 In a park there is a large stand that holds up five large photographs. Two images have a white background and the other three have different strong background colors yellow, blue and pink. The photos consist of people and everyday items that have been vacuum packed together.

☆ ☆ ☆ ☆ ☆

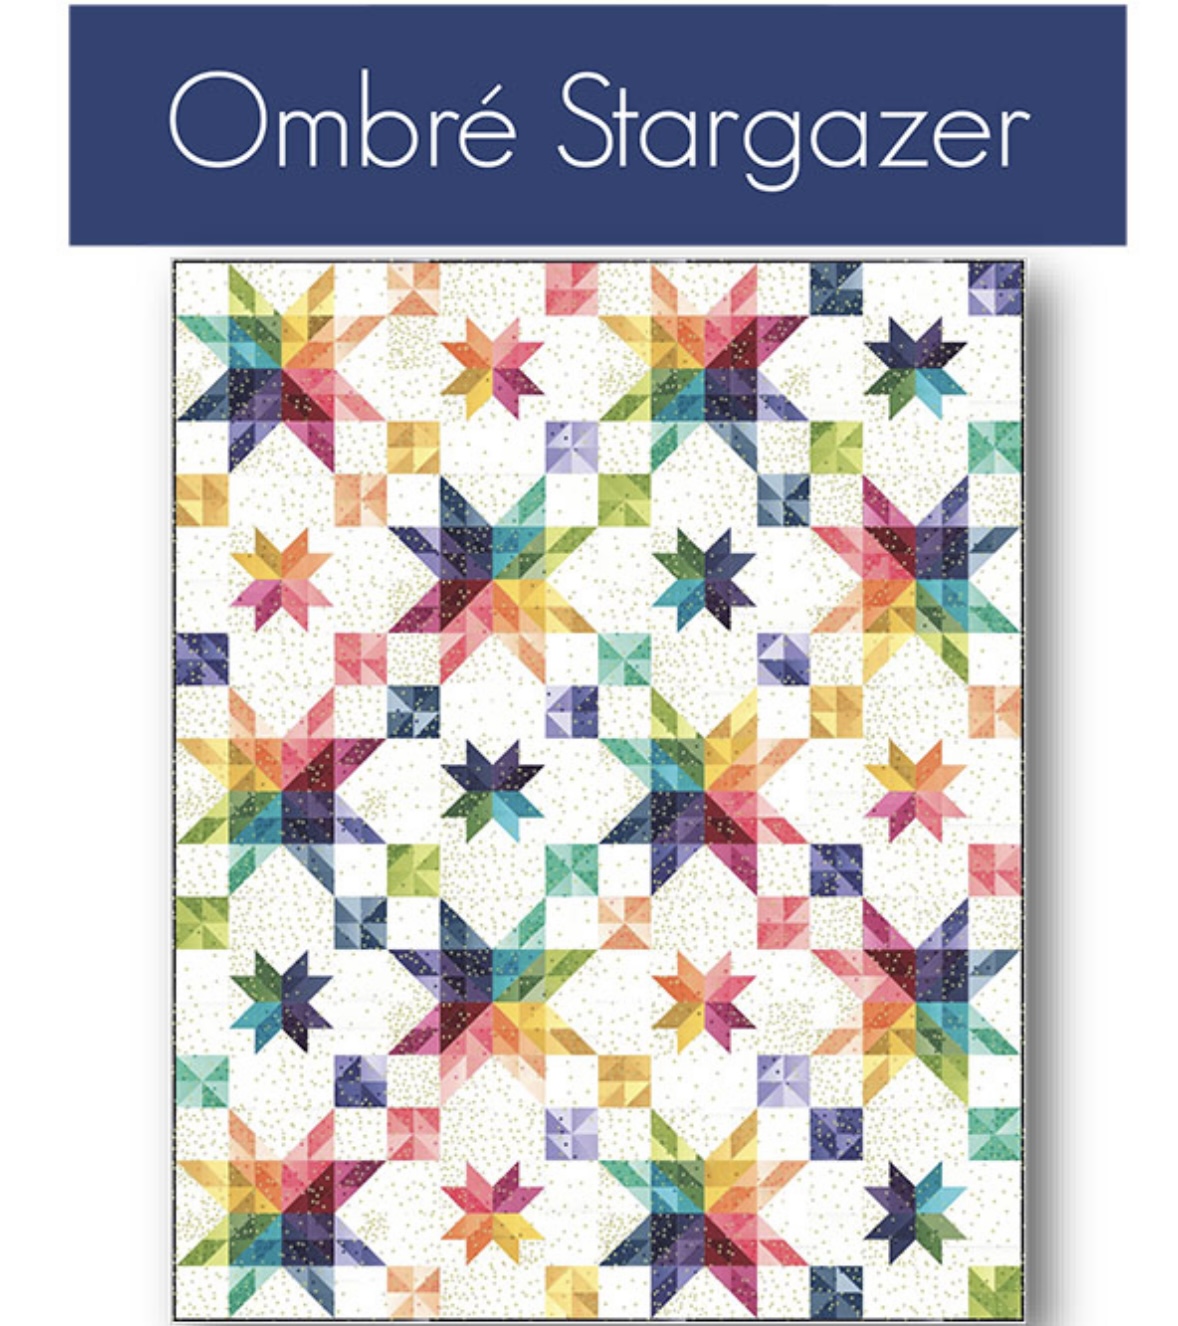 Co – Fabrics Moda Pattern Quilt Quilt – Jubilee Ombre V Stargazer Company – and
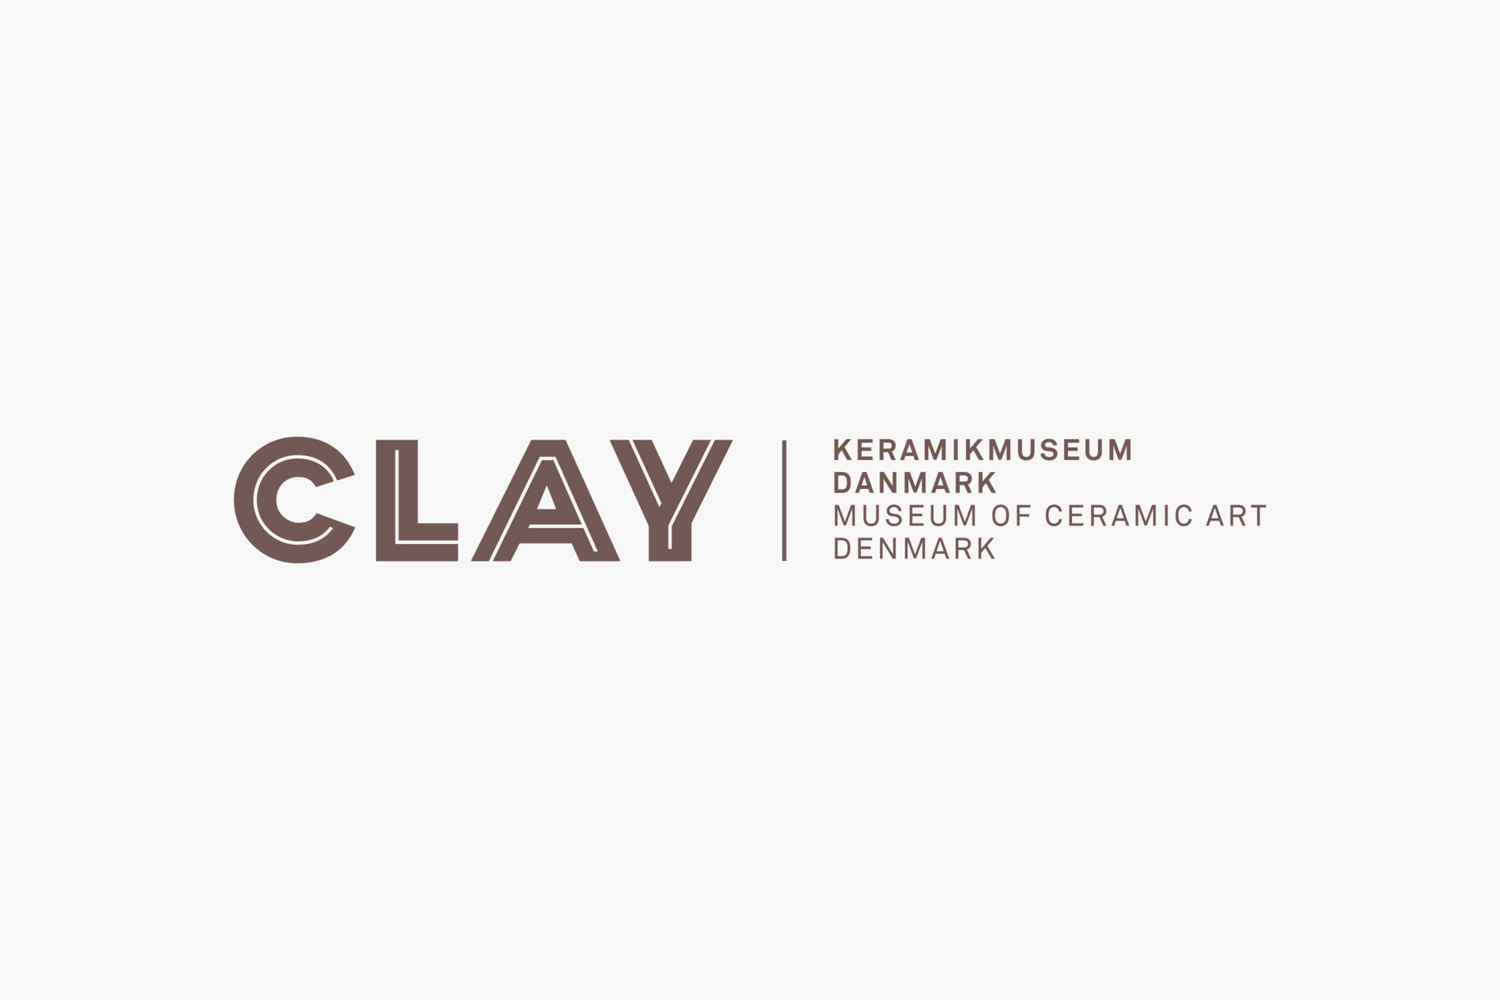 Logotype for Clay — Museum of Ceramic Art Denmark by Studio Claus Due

☆ ☆ ☆ ☆ ☆

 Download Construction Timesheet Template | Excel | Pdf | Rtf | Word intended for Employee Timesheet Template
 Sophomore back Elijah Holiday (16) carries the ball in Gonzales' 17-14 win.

☆ ☆ ☆ ☆ ☆

- Brief -
Above are some records; quote exactly and only the lines that begin at the line containing "Co – Fabrics" and stop after the line containing "Logotype for Clay", leaving out the pictures.

- Result for this task -
 Co – Fabrics Moda Pattern Quilt Quilt – Jubilee Ombre V Stargazer Company – and
 Logotype for Clay — Museum of Ceramic Art Denmark by Studio Claus Due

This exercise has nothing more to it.